After judgment was entered against her in the Magistrate Court of DeKalb County, appellant Larue Long filed an appeal in superior court pursuant to OCGA § 15-10-41(b)(1). Long then filed a voluntary dismissal in the superior court pursuant to OCGA § 9-11-41(a)(1)(A)1 and timely filed a renewal action three months later. See OCGA § 9-2-61(a). Appellee Greenwood Homes filed a motion for summary judgment in the renewal action, contending that, under OCGA § 5-3-7, the voluntary dismissal effectively reinstated the judgment entered by the magistrate court.2 The trial court denied the motion for summary judgment, holding that Long was entitled to file a renewal action because the voluntary dismissal eliminated both the magistrate court judgment and the case pending in the superior court.

The Court of Appeals granted the application for interlocutory review filed by Greenwood Homes and issued an opinion in which it held Greenwood Homes was entitled to summary judgment. The Court of Appeals perceived a conflict between OCGA §§ 5-3-7 and 9-11-41(a)(1) and, applying the principle that "a specific statute will prevail over a general statute, absent any indication of a contrary legislative intent, to resolve any inconsistency between them," determined that OCGA § 5-3-7 governed because it specifically addresses the dismissal of an appeal to the superior court while § 9-11-41(a)(1) addresses the dismissal of actions in general. Greenwood Homes v. Long, 293 Ga.App. 18, 20, 666 S.E.2d 450 (2008). We granted Long's petition for a writ of certiorari because we were concerned with whether the Court of Appeals erred in finding that OCGA § 5-3-7 applied to render final the magistrate court's judgment where the plaintiff attempted to voluntarily dismiss under OCGA § 9-11-41.

We disagree with the analysis of the Court of Appeals. The issues are whether Long was authorized to exercise her right under OCGA § 9-11-41(a)(1) to voluntarily dismiss the superior court litigation and, if she was so authorized, the effect of the voluntary dismissal. We hold that Long was authorized to dismiss the superior court litigation and the result of her action was the dismissal of her case, not the dismissal of her appeal.
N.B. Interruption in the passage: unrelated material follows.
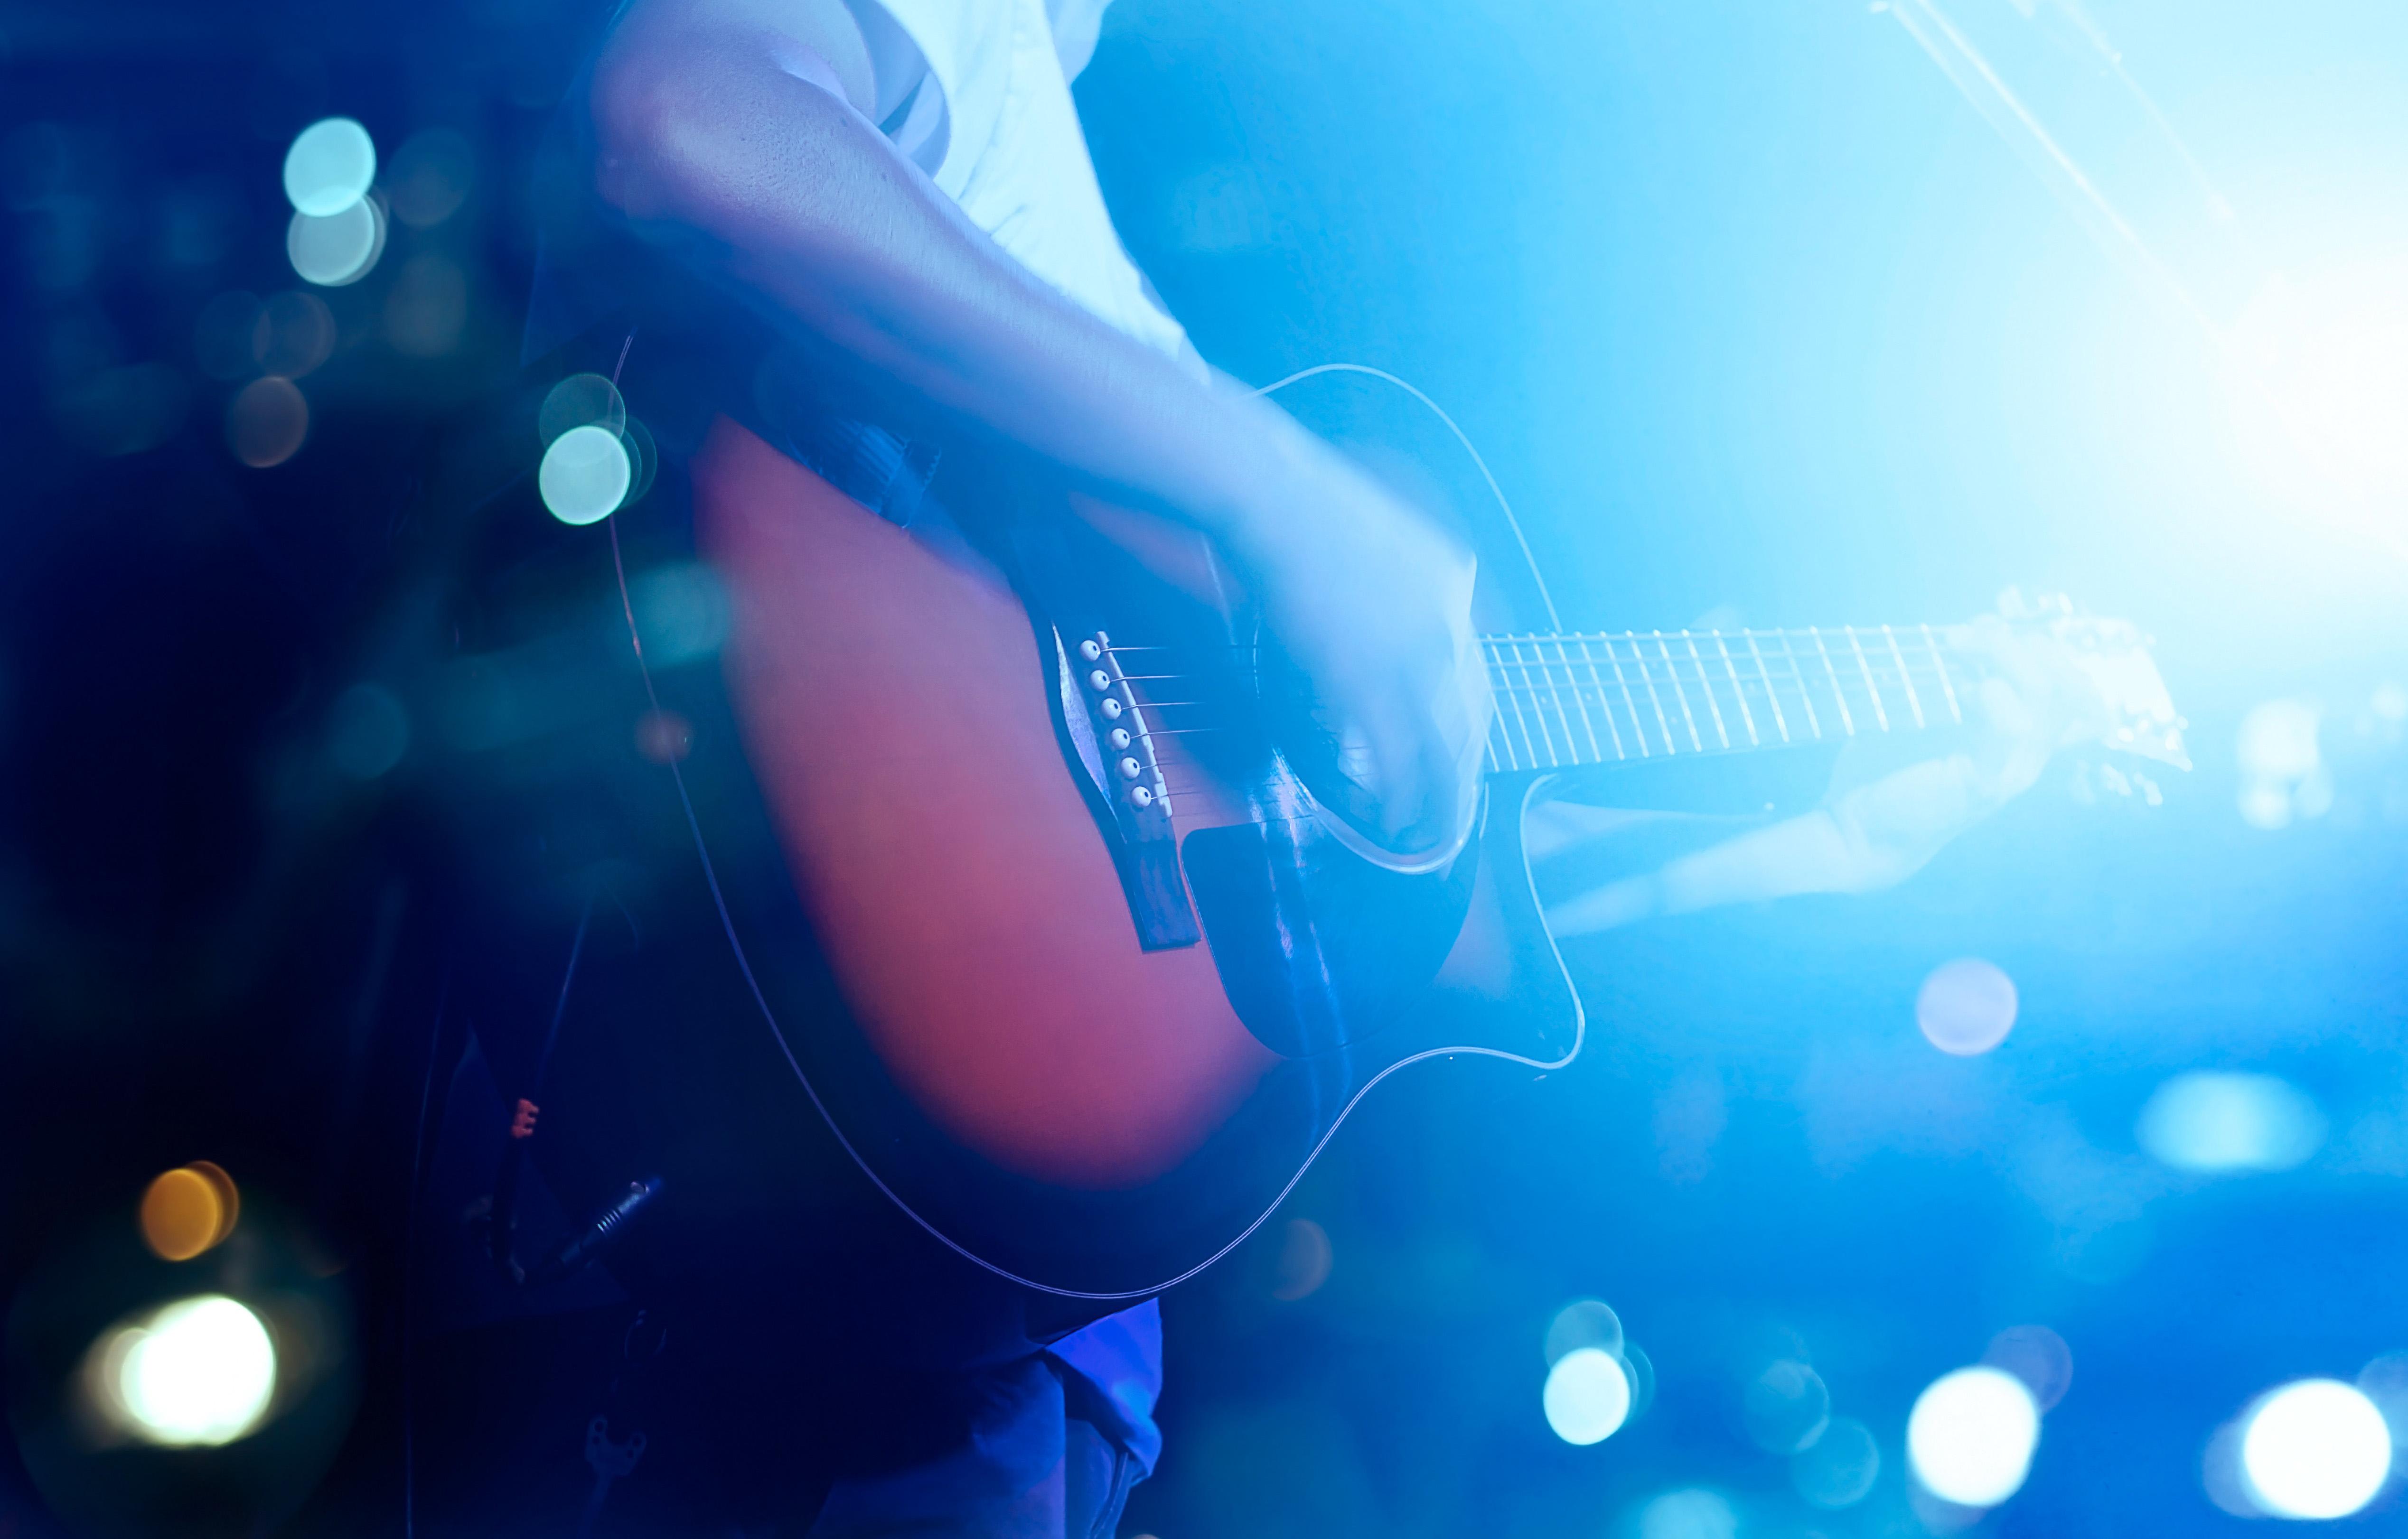 live-optredens-corona-grolsch

The appeal of the magistrate court judgment to the superior court is a de novo investigation which "brings up the whole record from the court below; and all competent evidence shall be admissible on the trial thereof, whether adduced on a former trial or not. Either party is entitled to be heard on the whole merits of the case." OCGA § 5-3-29. The filing of the de novo appeal in superior court has the same effect "as if it had been commenced originally in the superior court." Fagan v. McTier, 81 Ga. 73, 75, 6 S.E. 177 (1888). "Upon a de novo appeal, the state [or superior] court is to `try the issue anew and pass original judgments on the questions involved as if there had been no previous trial.' [Cit.]." Scott v. Aaron, 221 Ga.App. 254, 471 S.E.2d 55 (1996). "[T]he magistrate court's judgment has no bearing on the merits of the main claim" (Howe v. Roberts, 259 Ga. 617(2), 385 S.E.2d 276 (1989)), and "`[i]t is not the province of the superior court on such an appeal to review and affirm ..., but to try the issue anew and pass original judgments on the questions involved as if there had been no previous trial.' [Cit.]" Knowles v. Knowles, 125 Ga.App. 642(1), 188 S.E.2d 800 (1972).
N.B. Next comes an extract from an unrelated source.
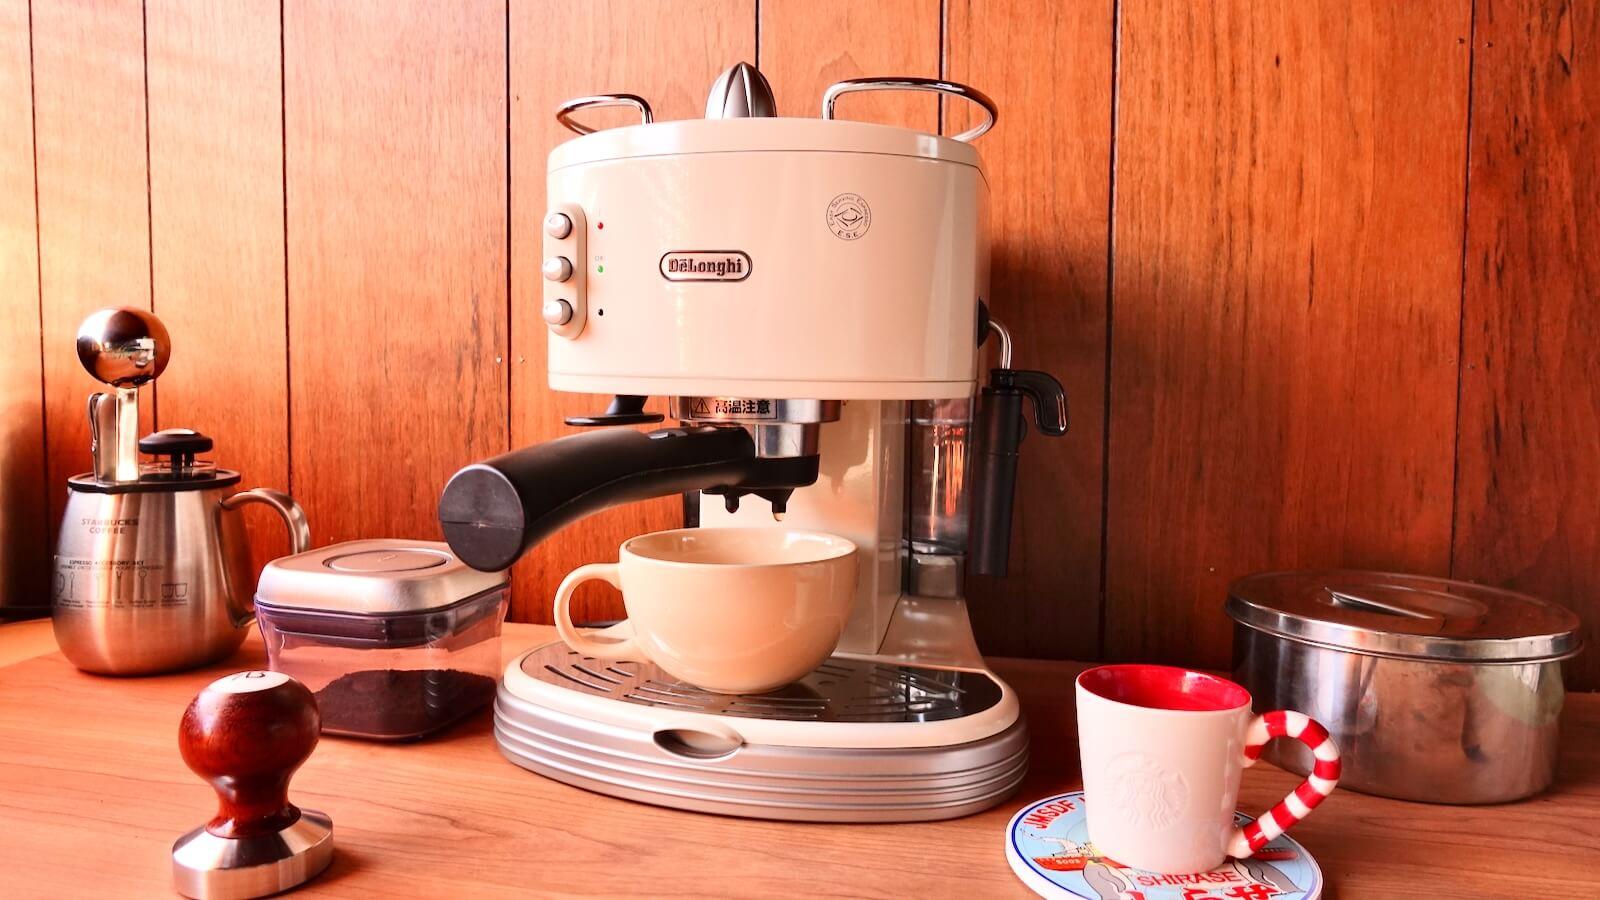 Delonghi espresso machine ECM300J with cup set

OCGA § 9-11-41(a), the voluntary dismissal statute, can be exercised in the de novo appeal filed in superior court since it is contained in the Civil Practice Act, which is applicable to the de novo appeal filed in state or superior court following the entry of a judgment in magistrate court. Howe v. Roberts, supra, 259 Ga. at 619, n. 6, 385 S.E.2d 276. The voluntary dismissal worked a dismissal of the case pending in superior court and did not dismiss the appeal. Fagan v. McTier, supra, 81 Ga. at 75, 6 S.E. 177 (plaintiff's voluntary dismissal of de novo appeal to superior court dismissed the case and did not dismiss the appeal). See also Scott v. Aaron, supra, 221 Ga.App. at 255, 471 S.E.2d 55 (ambiguous dismissal order of de novo appeal for want of prosecution (OCGA § 9-11-41(b)(1)) construed as being a dismissal of the entire action pending in state court rather than of the de novo appeal); Rousch v. Green, 2 Ga.App. 112, 58 S.E. 313 (1907) (in light of the de novo character of the appeal to superior court, it is error to dismiss de novo appeal when plaintiff does not appear; a defendant is restricted to seeking dismissal of the case).
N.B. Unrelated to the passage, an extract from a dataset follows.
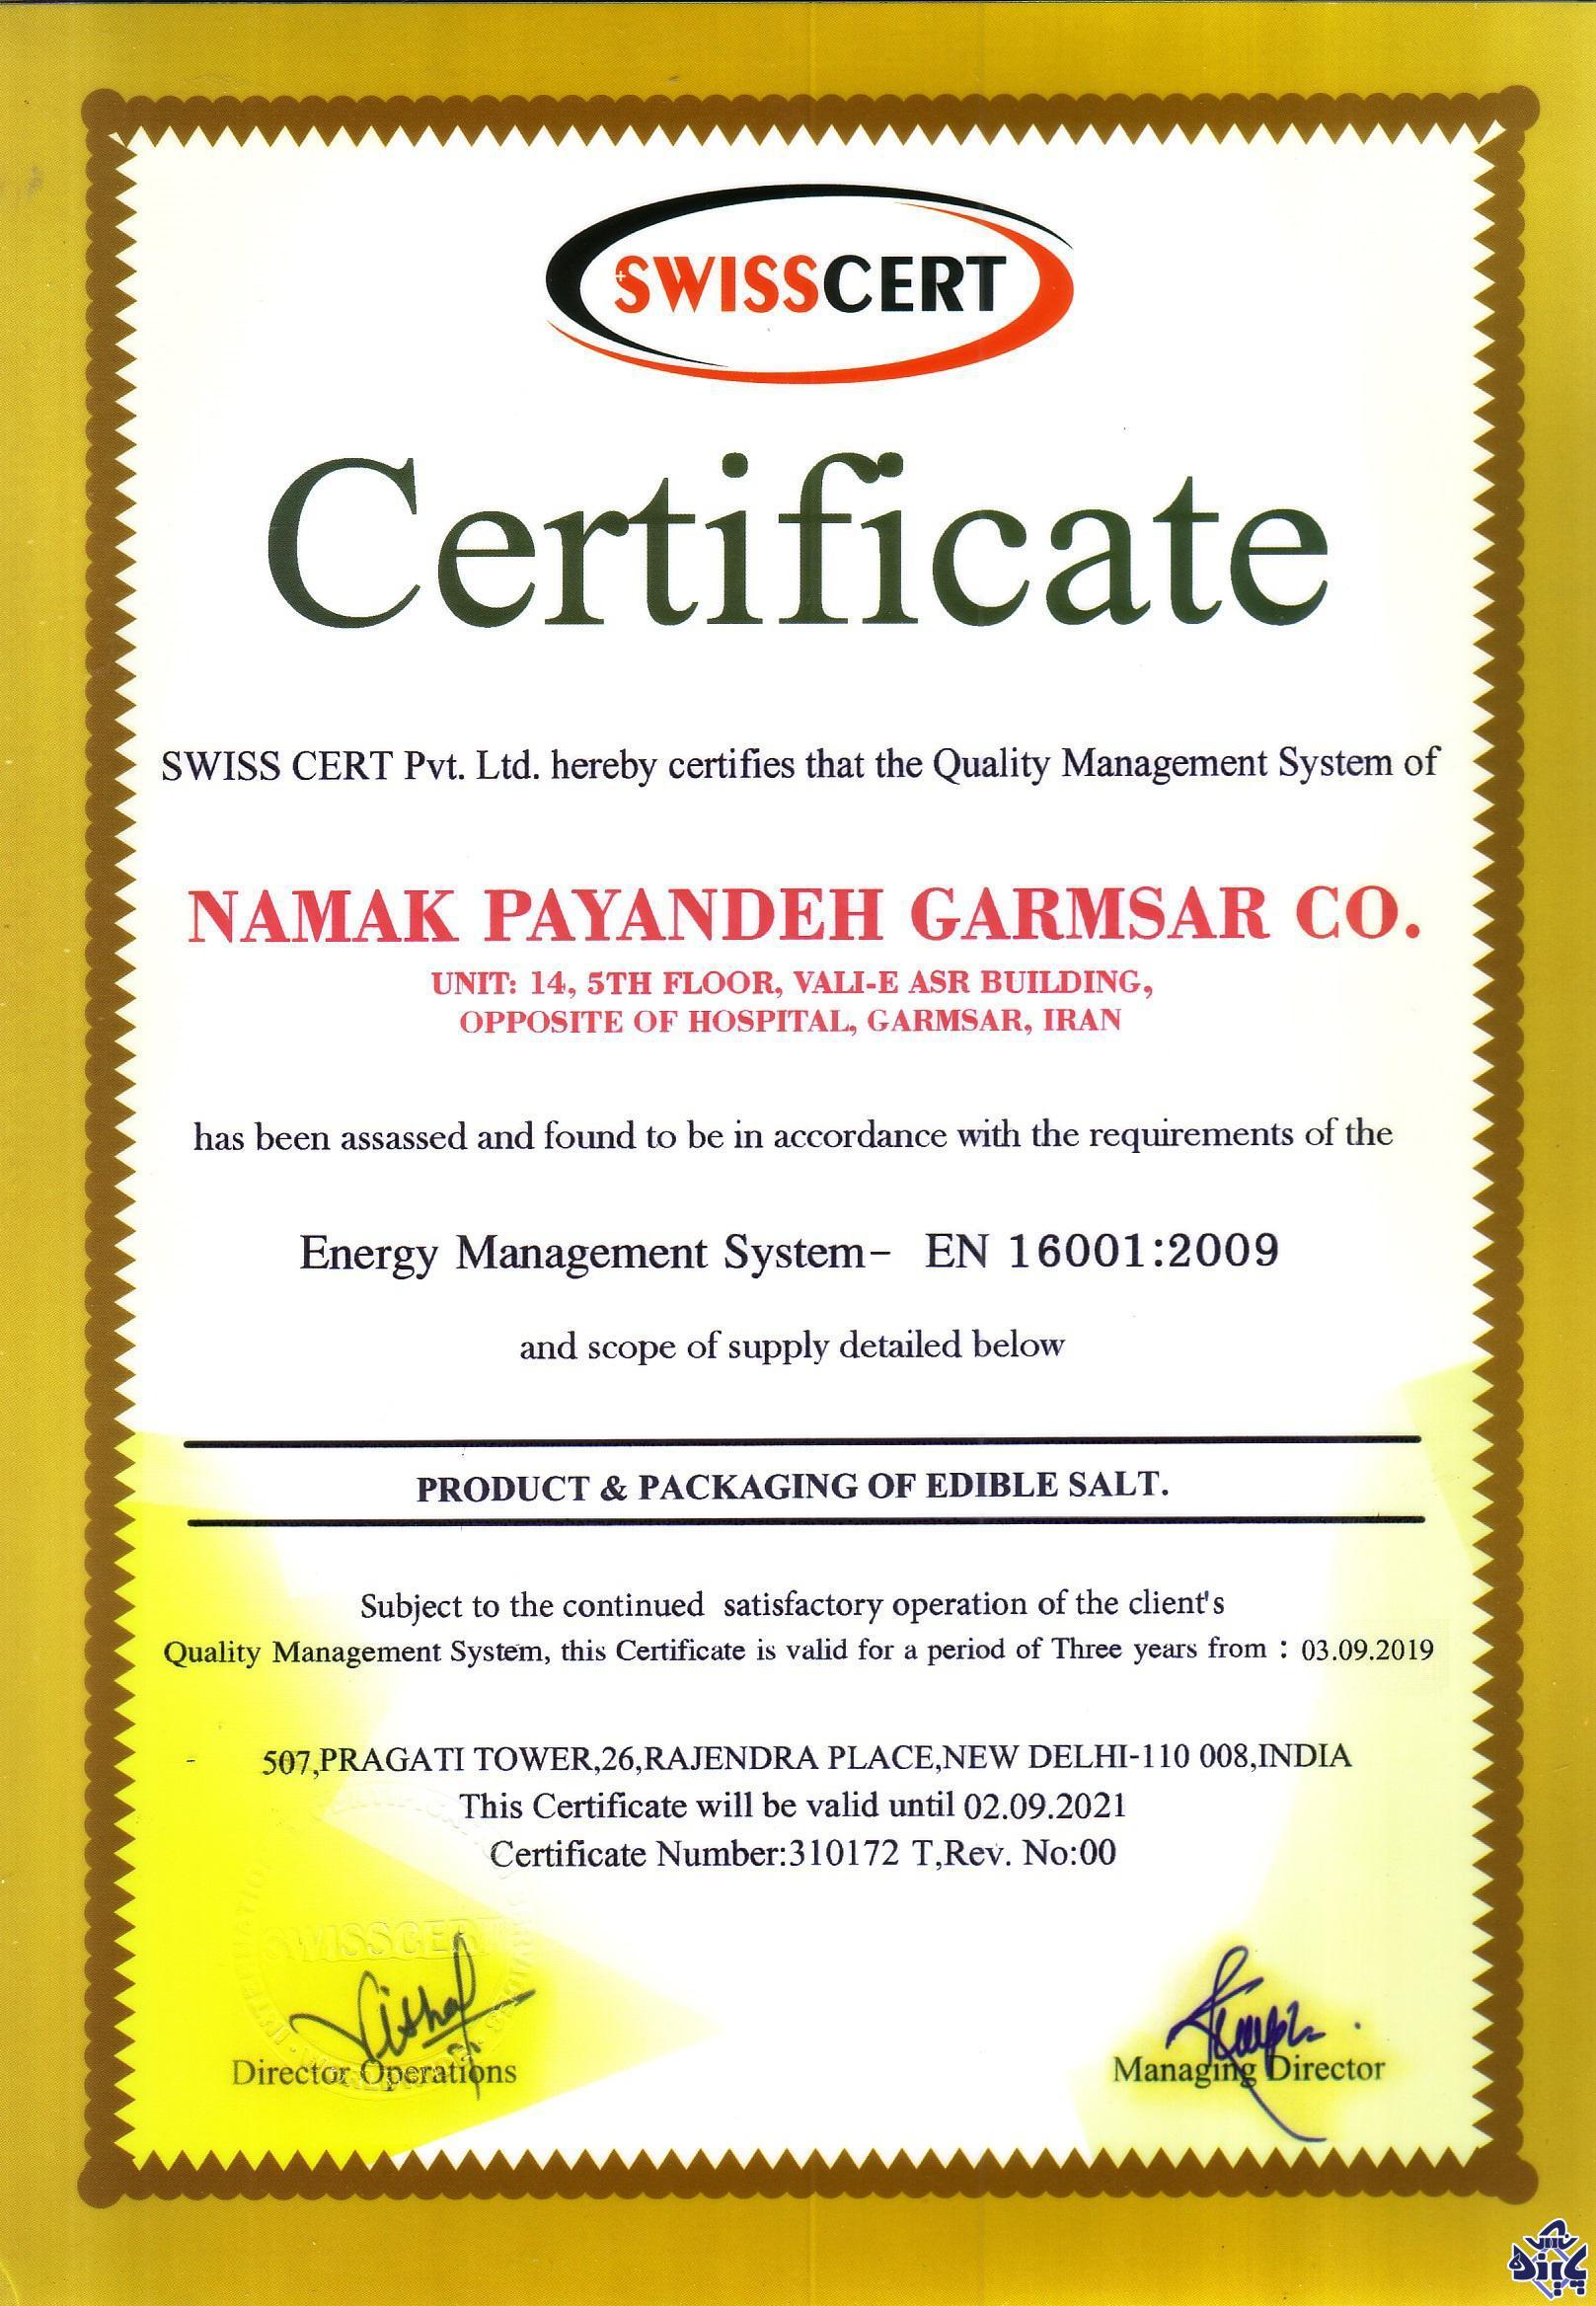 استاندارد مدیریت انرژی EN 16001 2009

Because Long was authorized to file a voluntary dismissal of her superior court litigation under OCGA § 9-11-41(a)(1)(A), because the filing of the voluntary dismissal of the superior court dismissed her case but did not dismiss her appeal, and because Long timely filed a renewal action, the trial court was correct when it denied summary judgment to Greenwood Homes in the renewal action. The Court of Appeals erred when it reversed the judgment of the trial court.

Judgment reversed.

All the Justices concur, except THOMPSON, HINES, and MELTON, JJ., who dissent.

1. OCGA § 9-11-41(a)(1) states that "[s]ubject to the provisions of [OCGA § 9-11-23(e) which deals with class actions], Code Section 9-11-66 [which concerns actions in which a receiver is appointed], and any statute, an action may be dismissed by a plaintiff, without order or permission of court: (A) By filing a written notice of dismissal at any time before the first witness is sworn...."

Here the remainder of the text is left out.